Читаем В Париже и вне Парижа полностью

Но, быть может, спасутся хотя бы они вдвоем? Ничего подобного. Шальная пуля ранит девушку. И начинается чудовищная, отталкивающая сцена умирания. Героиню играет превосходная актриса, с прекрасным благородным лицом. Теперь режиссер заставляет нас смотреть на ее агонию. Но какую омерзительную агонию! Молодой человек держит умирающую в объятиях так, что зритель все время крупным планом видит ее лицо. Из носа умирающей начинает течь слизь. Она течет, течет из носа на губы, на подбородок. Затем из уголка рта сочится узенькая струйка крови. Затем что-то течет из глаза. На протяжении бесконечного количества кадров вас заставляют смотреть, как на ваших глазах не умирает, нет, постепенно разлагается одухотворенное лицо актрисы. Совершенно невыносимое зрелище!

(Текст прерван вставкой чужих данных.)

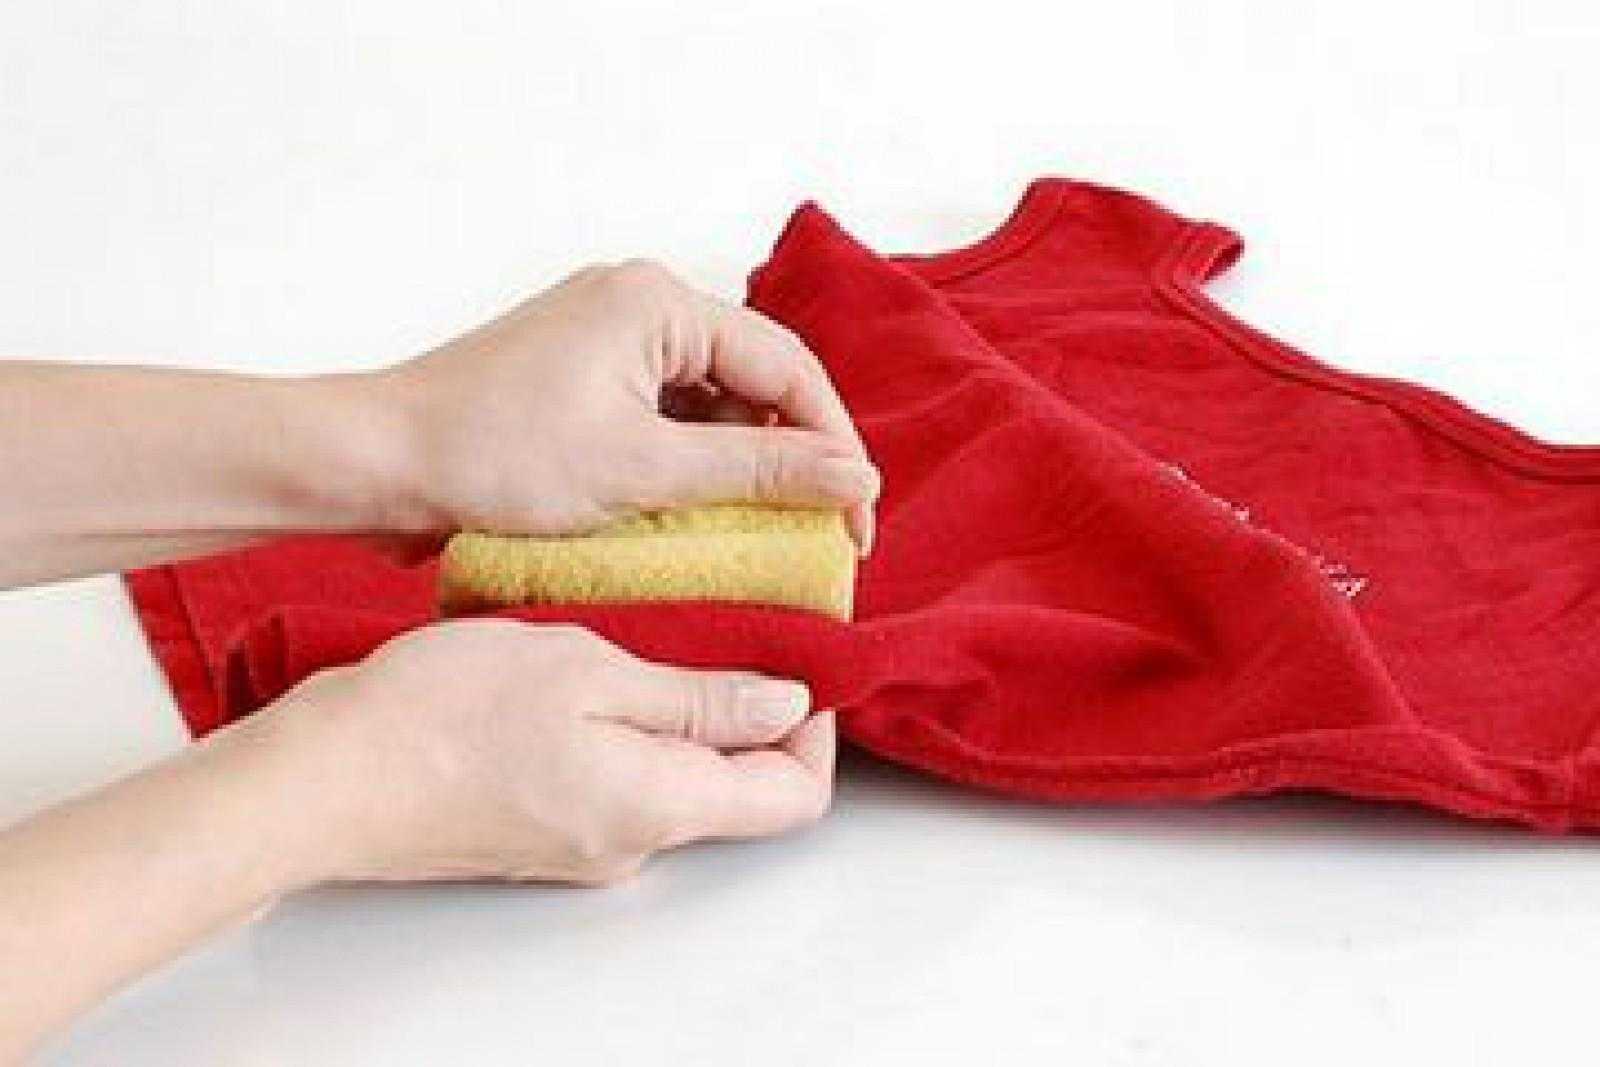 Отстирать борщ с одежды. как отстирать пятна от свеклы? уксус и лимонная кислота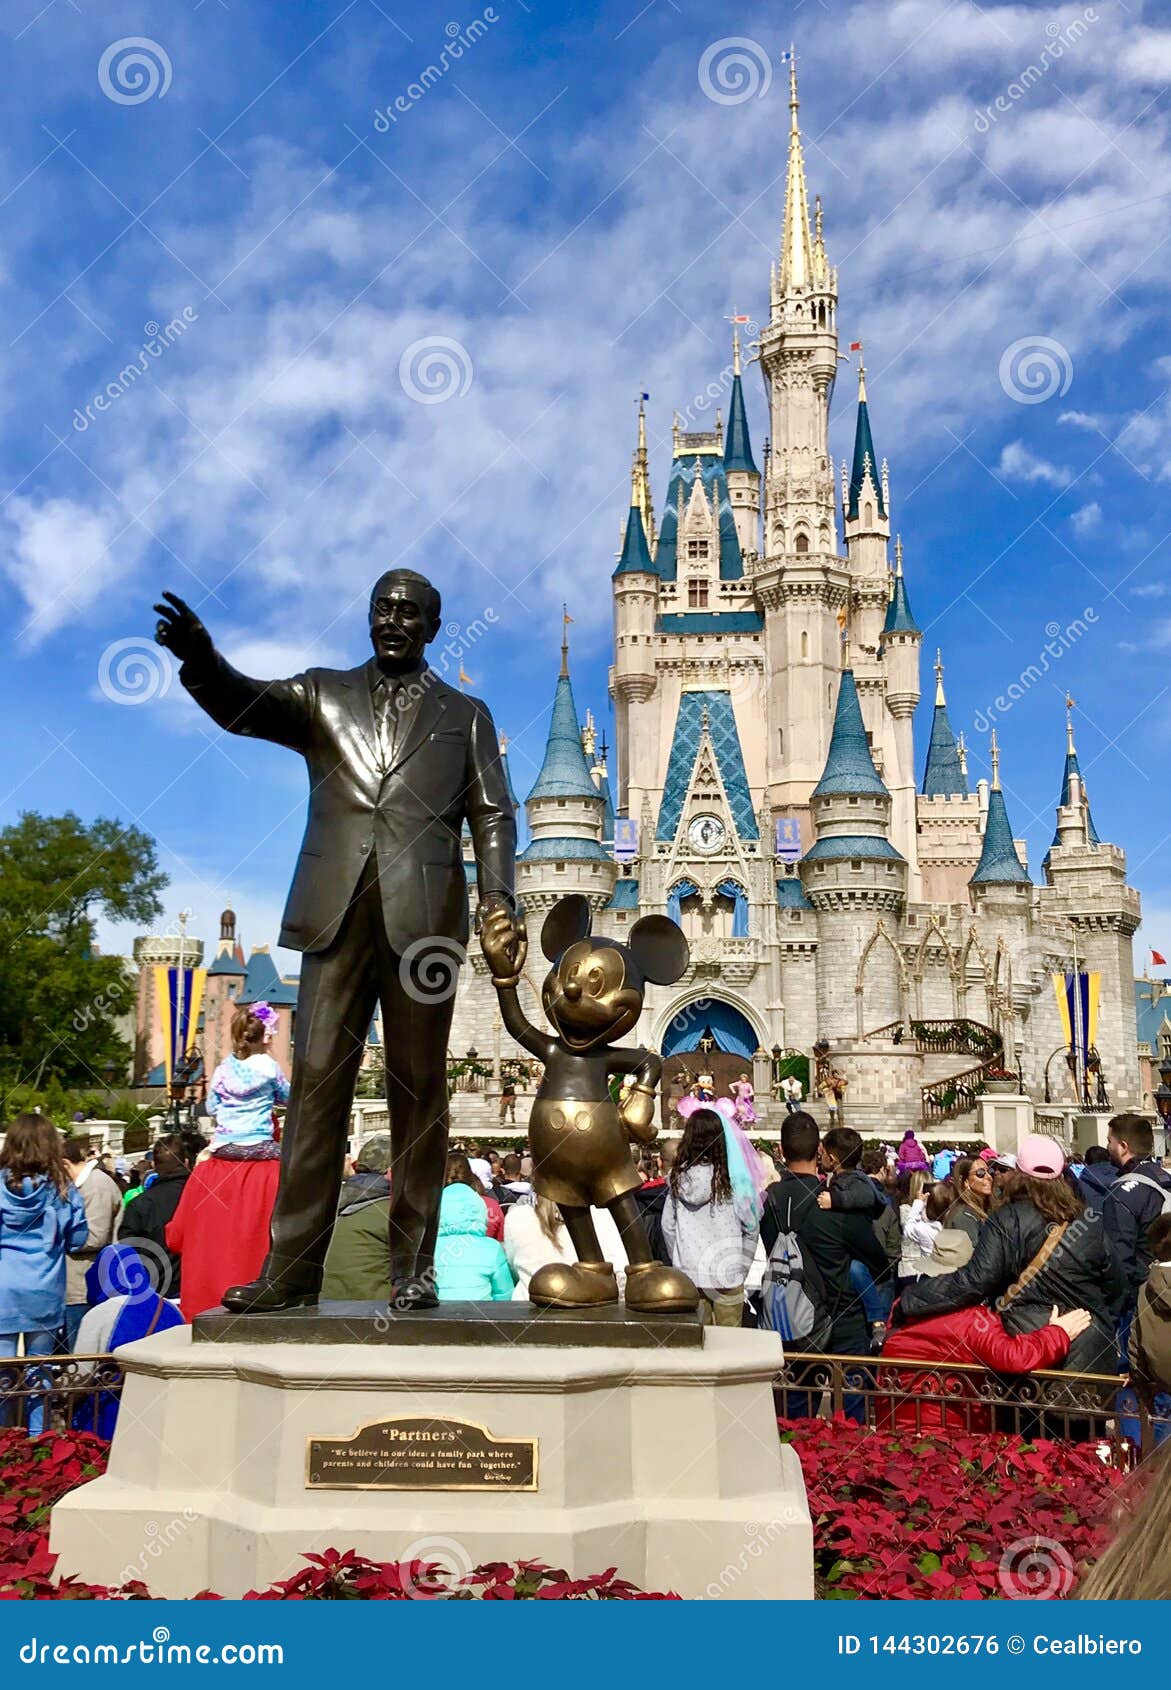 Where Dreams Come True Editorial Photo Image Of Disney

Однако режиссер счел, что и этого мало. Мужчина несет труп возлюбленной на руках, с трудом передвигаясь по пескам пустыни. Вот он окончательно ослабел. Тогда он взваливает труп на спину и влачит его за ноги, с лицом, обращенным к небу. Он клонится к земле под тяжестью. И голова трупа бьются о камни. Распущенные светлые волосы цепляются за какие-то колючие растения и клочьями повисают на них. И все это долго, без конца долго, чтобы зритель не пропустил ни одной из отвратительных подробностей. Наконец, силы покидают и мужчину. Он кладет труп на песок и сам умирает рядом. Медленно, медленно их заносят пески пустыни.

Смысл всего этого слишком ясен. Человек — это лишь жертва, жизнь — жестокая шутка злого бога. Не стоит бороться, незачем противиться судьбе, ничего тебе все равно не поможет, так или иначе ты погибнешь страшной, бессмысленной смертью. Для человека нет выхода, никакими усилиями он не может повлиять на то, что вокруг него происходит. Впереди — никаких перспектив, не поддавайся иллюзиям надежды. Судьба неумолима, судьбу не отвратишь. Грехи и добродетели, отвратительные поступки и благородные деяния — все идет в общий котел. Ничто не имеет ценности. Жизнь — это грязная помойная яма, в которой всякий неизбежно утонет, как бы он ни старался выплыть и как бы ни взывал он о помощи. Никто никому не может помочь, как не может помочь себе и сам человек.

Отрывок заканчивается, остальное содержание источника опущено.